(Atas Nama) Pendidikan Mental
Oleh: Rizka Amalia Shofa
Menjelang tahun
2015 yang bersamaan dengan belum lama berakhirnya masa OSPEK, ternyata masa
yang sering digadang-gadang sebagai masa orientasi belum berhasil membawa nilai
orientasi seutuhnya. Dalam Kamus Besar Bahasa Indonesia, orientasi diartikan
sebagai peninjauan untuk menentukan sikap. Kesadaran tentang makna orientasi
sesungguhnya sudah mulai tumbuh di banyak kampus.
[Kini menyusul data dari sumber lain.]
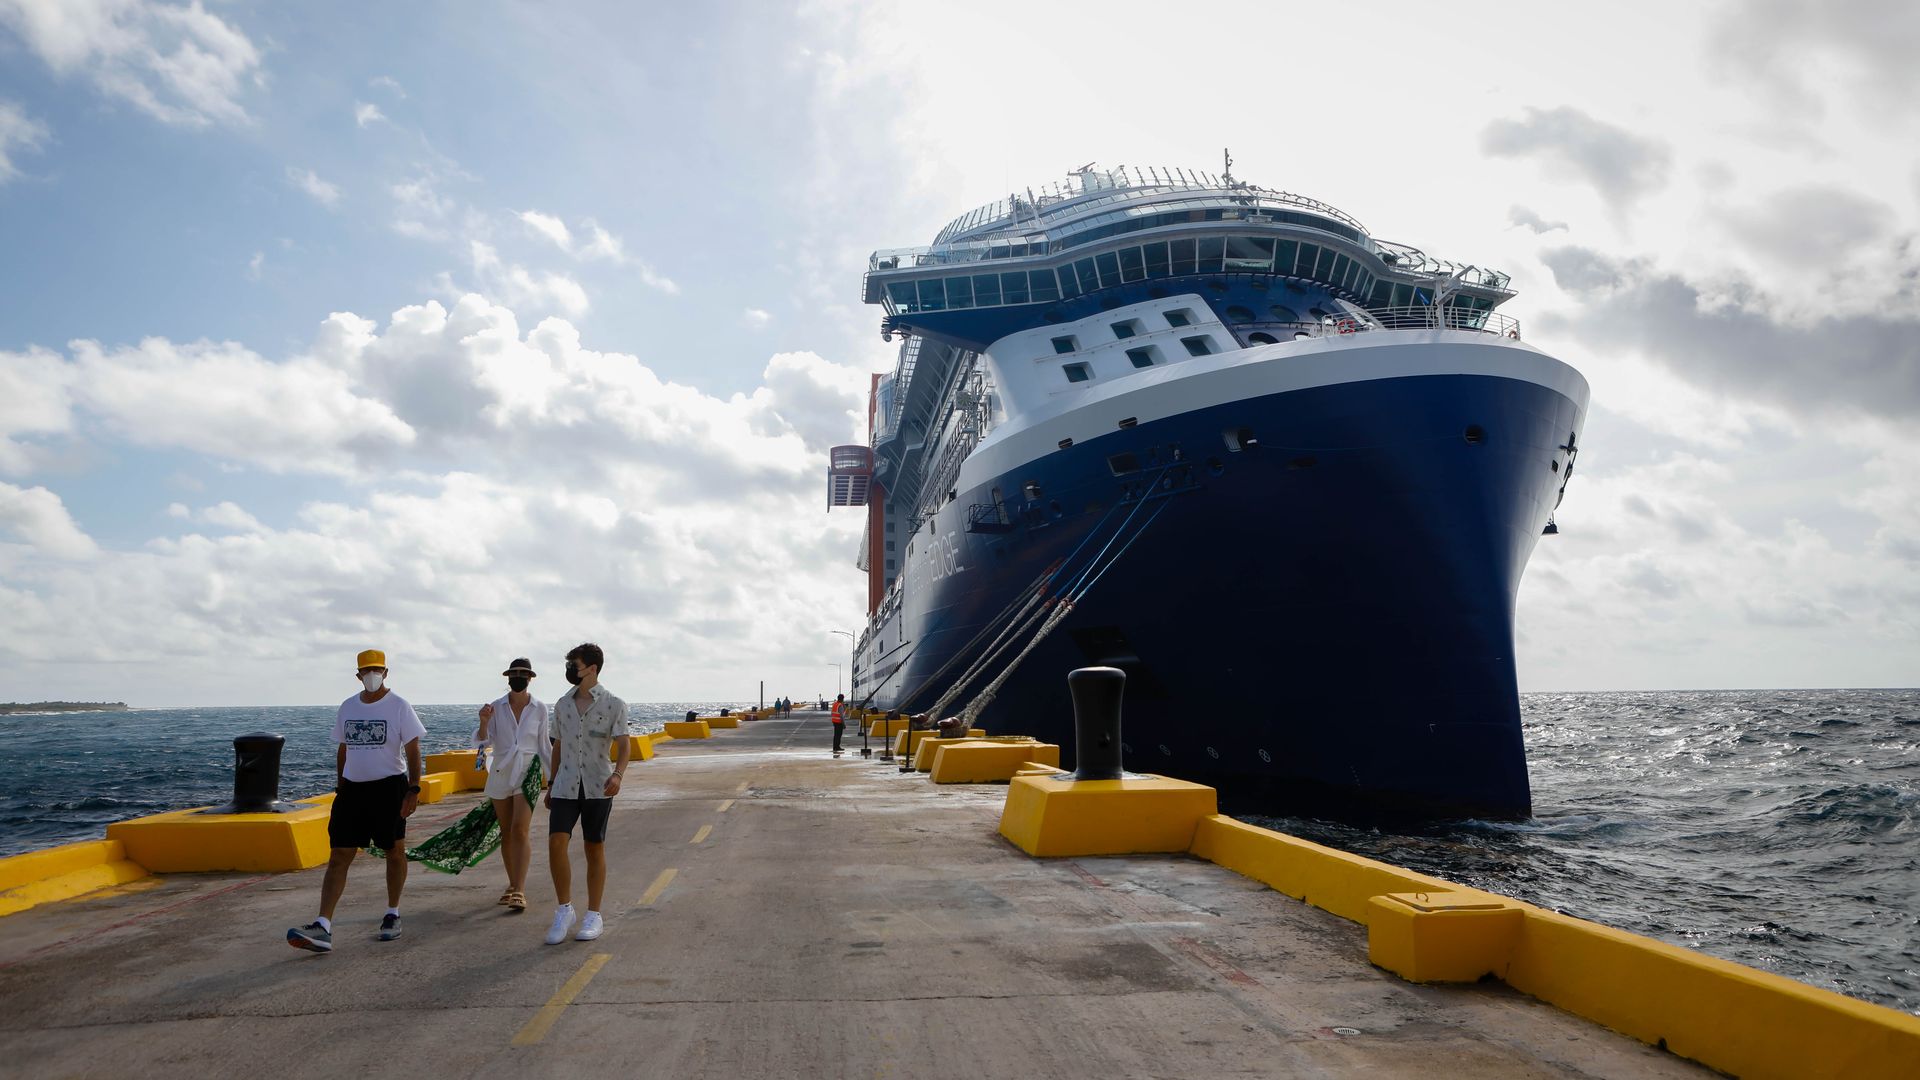 Photo of a blue and white cruise docked at a harbor and three people walking on the deck

Tak sedikit kampus yang
membuat aturan-aturan baru dalam pelaksanaan OSPEK. Kegiatan fisik yang pada
tahun-tahun sebelumnya memicu kekerasan dan senioritas mulai diminimalisir.
Namun ternyata
kebijakan yang diambil banyak kampus belum membawa dampak besar pada model
OSPEK. Senioritas yang sudah menjadi budaya dan mengakar adalah masalah yang
masih harus dipikirkan dan ditindak secara tegas. Tugas kampus tak berhenti
pada pembuatan kebijakan baru tentang OSPEK, tetapi juga mengadakan dialog
dengan para senior –yang justru sering diambil alih alumni yang merasa masih
memiliki ikatan-.
Kegiatan fisik
yang sering mengatasnamakan pendidikan mental nyatanya tak berhenti pada push
up dan lari, tetapi mulai keluar dari nilai memanusiakan manusia yang
justru identik dengan pendidikan. Masih banyaknya tindak kekerasan dan
perintah-perintah senior yang tak manusiawi menandakan bergesernya pemahaman
tentang nilai pendidikan dan juga lemahnya pengawasan dari kampus.
Saya teringat
obrolan dengan seorang teman tentang kekerasan berkedok pendidikan mental. Saat
senior memerintahkan seorang mahasiswa baru untuk melakukan aktivitas yang
dianggap tak pantas, lalu si mahasiswa baru tak terima, justru ia akan dianggap
tak memiliki mental baja. Ia dianggap gagal dalam pendidikan mental dan
memiliki mental lemah. Padahal sesungguhnya, justru jika mahasiswa baru (yang
berperan sebagai junior) melakukan segala perintah senior tanpa perlindungan
diri (dapat berupa penolakan karena menganggap perintah senior tak manusiawi),
ia adalah bagian dari gagalnya pendidikan mental. Ia yang sesungguhnya
bermental lemah karena tak berani bertindak tuk melindungi dirinya sendiri.
Jika senior masih
menganggap junior yang menolak perlakuan kasar adalah bagian dari gagalnya
pendidikan mental, maka sesungguhnya sang senior lupa akan nilai pendidikan,
memanusiakan manusia. Hal ini tentu menimbulkan pertanyaan tentang tujuan
diadakannya kegiatan fisik berujung kekerasan. Masa orientasi yang harusnya
dapat melahirkan generasi yang siap berjuang dan menjadi orang berpendidikan,
justru terancam. Para mahasiswa baru sudah dicekoki dengan pemahaman pendidikan
yang jomplang bahkan menyimpang.
Rusaknya pemahaman
sesungguhnya berakar dari para senior yang lupa akan esensi pendidikan dan
orientasi. Bukan hal asing jika kita mengetahui sesungguhnya segala kegiatan
fisik pada masa orientasi hanya sekadar budaya yang tak jelas dasarnya. Kekerasan
dan tindakan tak umum tersebut hanyalah budaya bodhong yang terus dilakukan
karena tak rela dihentikan. Alasan yang sering dipakai tak pernah jauh dari
penguatan dan pengujian mental. Mereka ingin memiliki junior yang ‘tahan
banting’. Sayangnya para senior lupa bahwa mereka juga membutuhkan junior yang
paham makna pendidikan orientasi secara utuh dan tak menafsirkan hanya untuk
membenarkan hal yang sudah biasa terjadi.
Pemahaman tentang
pendidikan mental harus diubah. Sekalipun bertujuan penguatan mental, cara yang
dipakai harus bernilai memanusiakan manusia. Kita tak boleh menyebutnya sebagai
pendidikan jika nilai tersebut membias dan luntur.